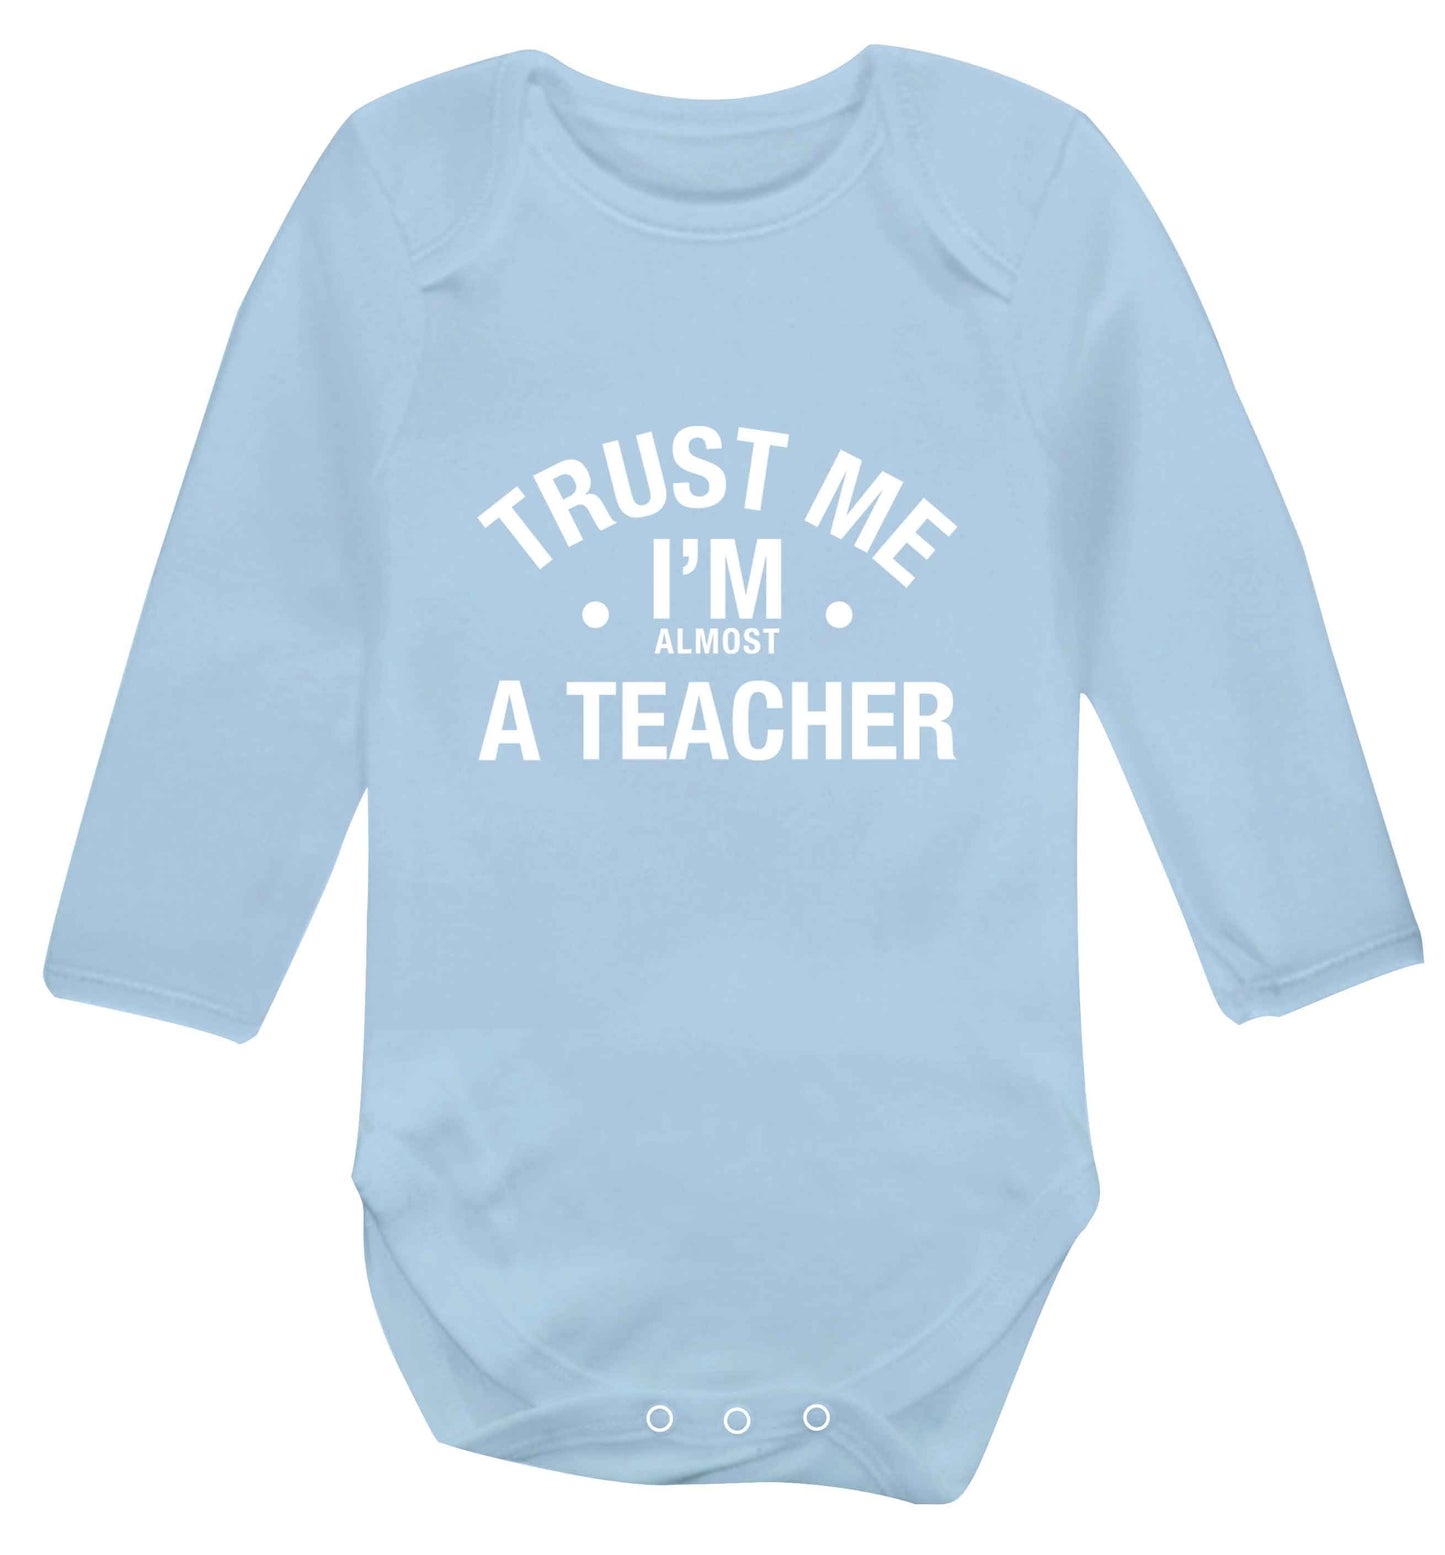 Trust me I'm almost a teacher baby vest long sleeved pale blue 6-12 months
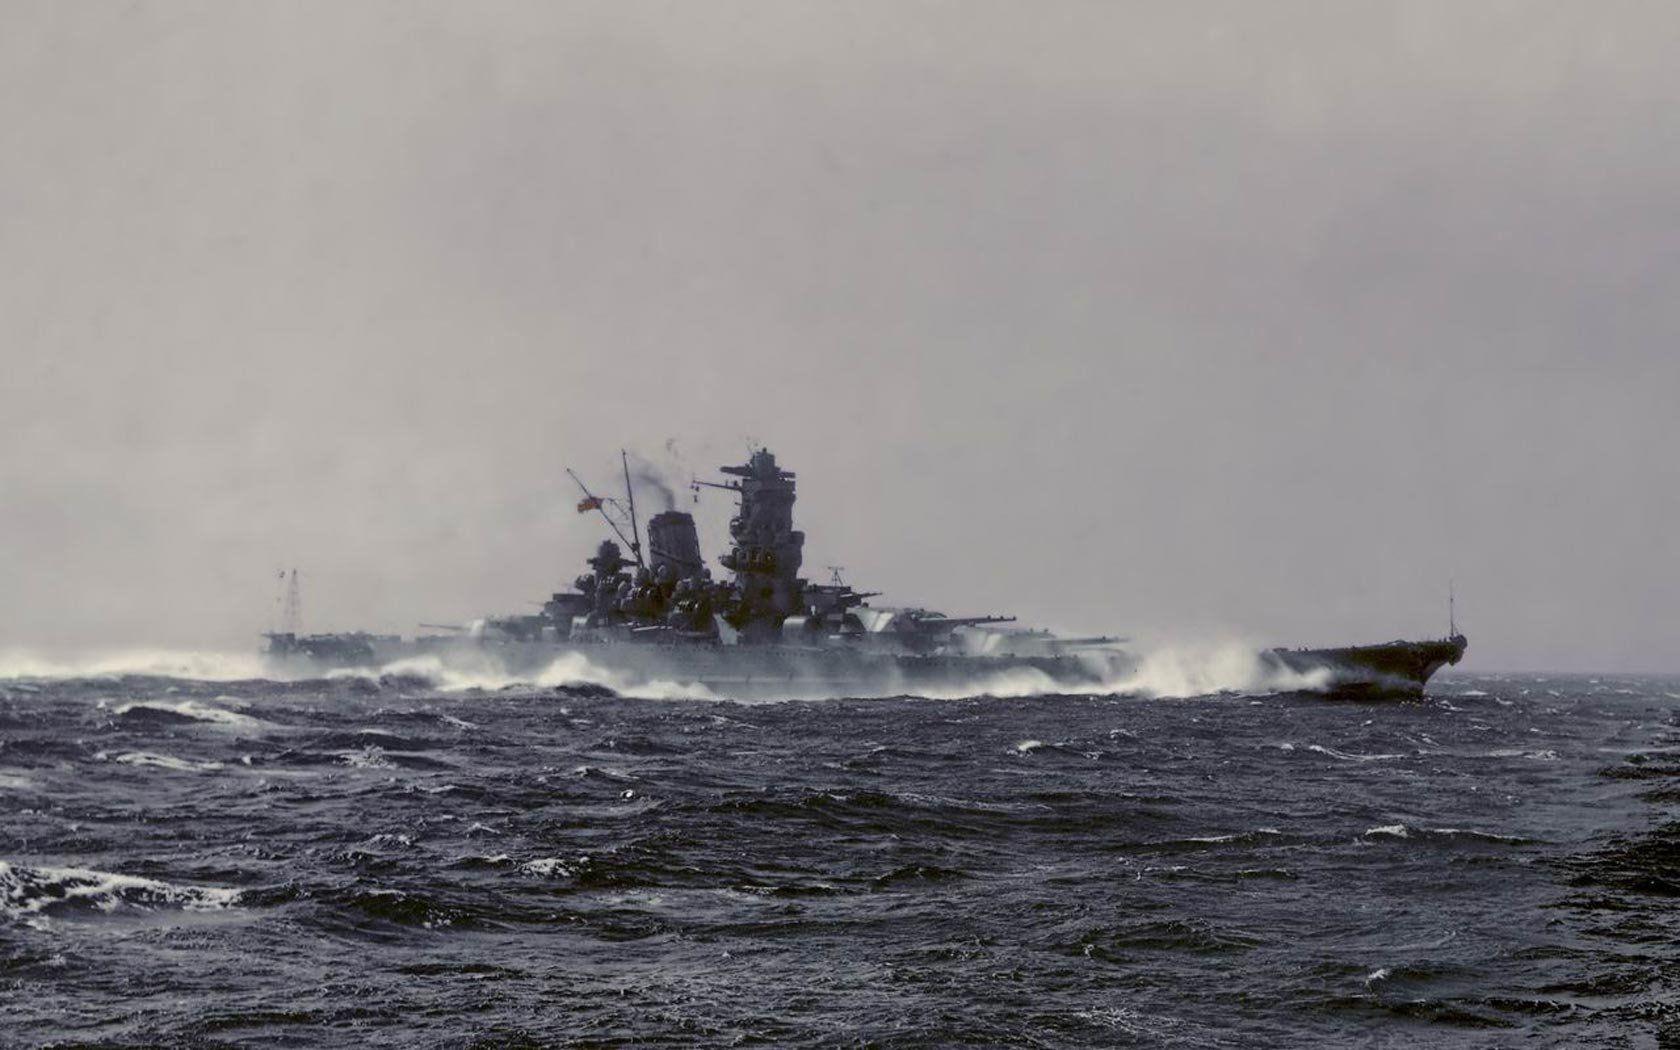 Battleship HD Wallpaper and Background Image
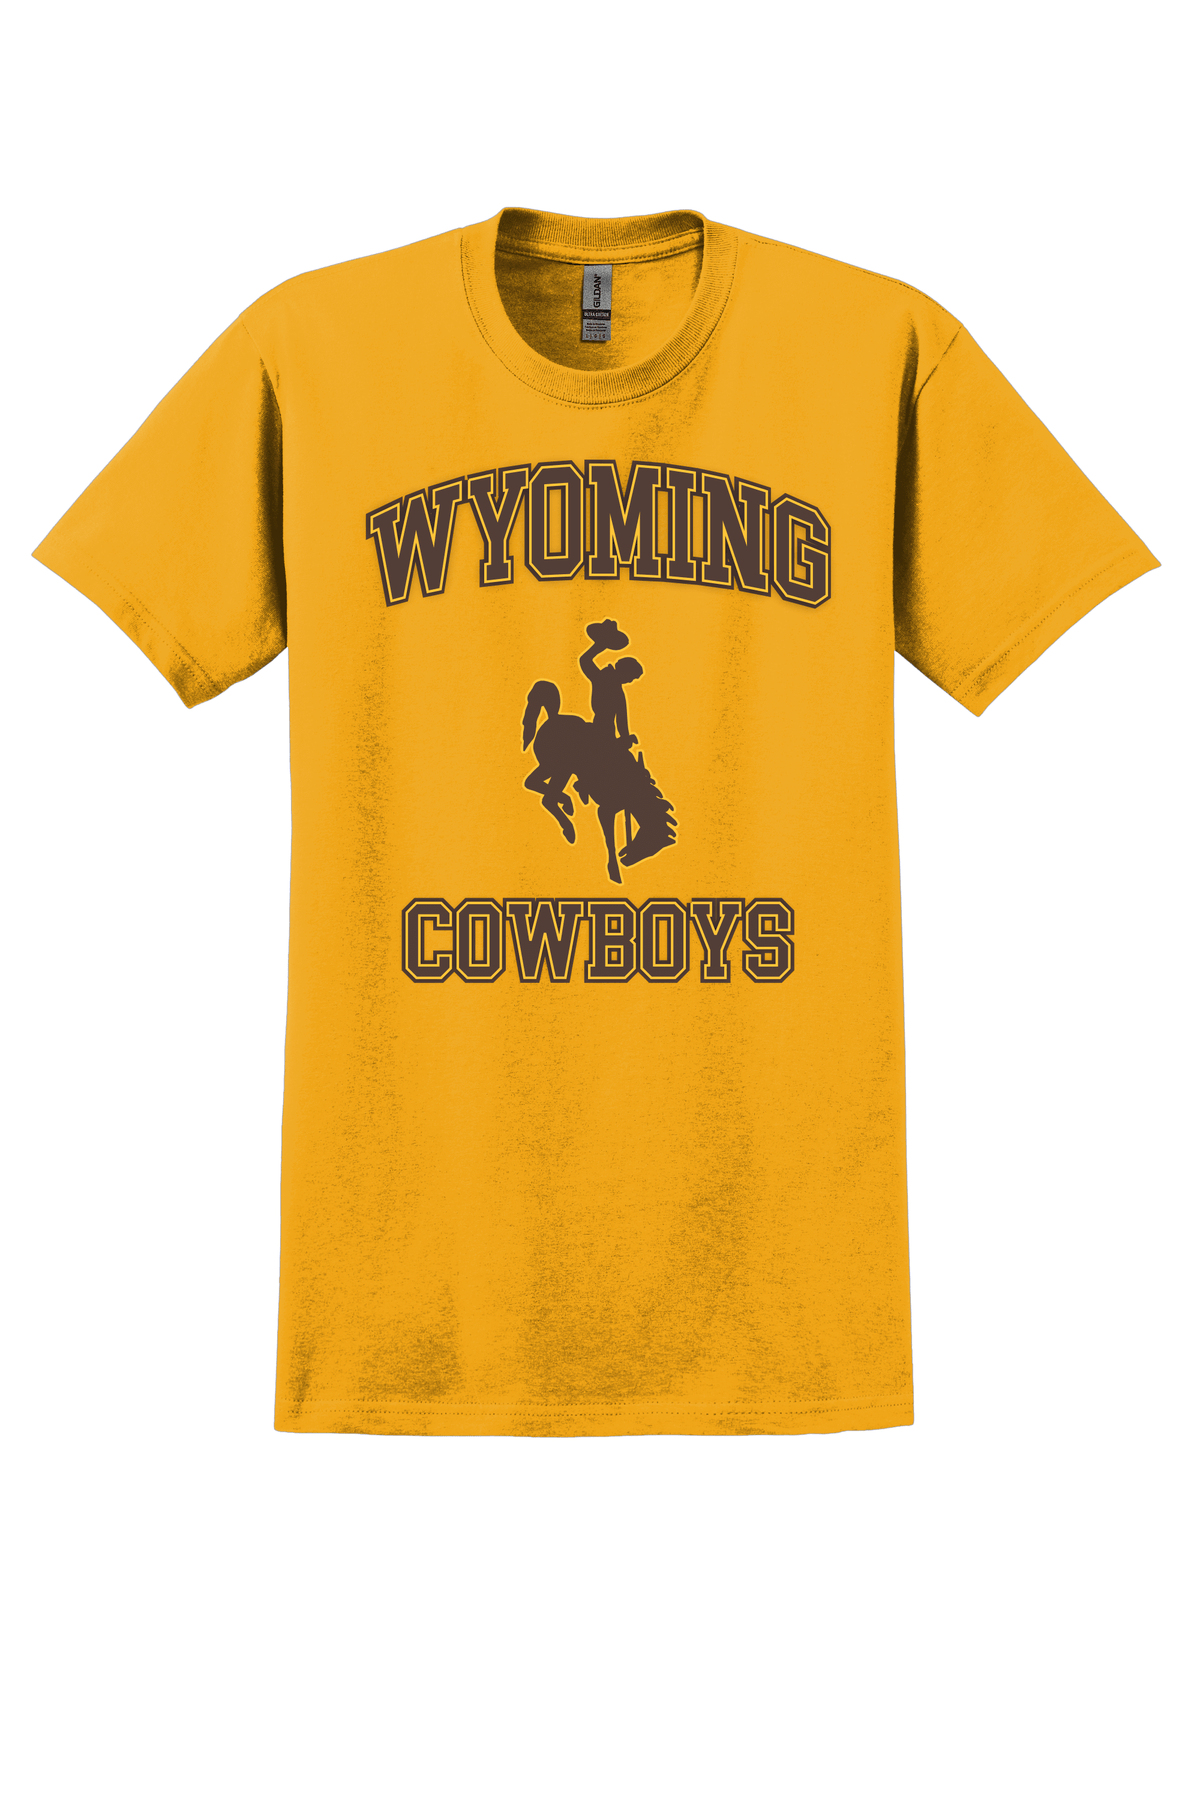 Wyoming Cowboys T-shirt- Gold

→ Activity
Restate, word for word, all of the material above, leaving out the images.

→ Expected answer
 Trust me I'm almost a teacher baby vest long sleeved pale blue 6-12 months
 Battleship HD Wallpaper and Background Image
 Wyoming Cowboys T-shirt- Gold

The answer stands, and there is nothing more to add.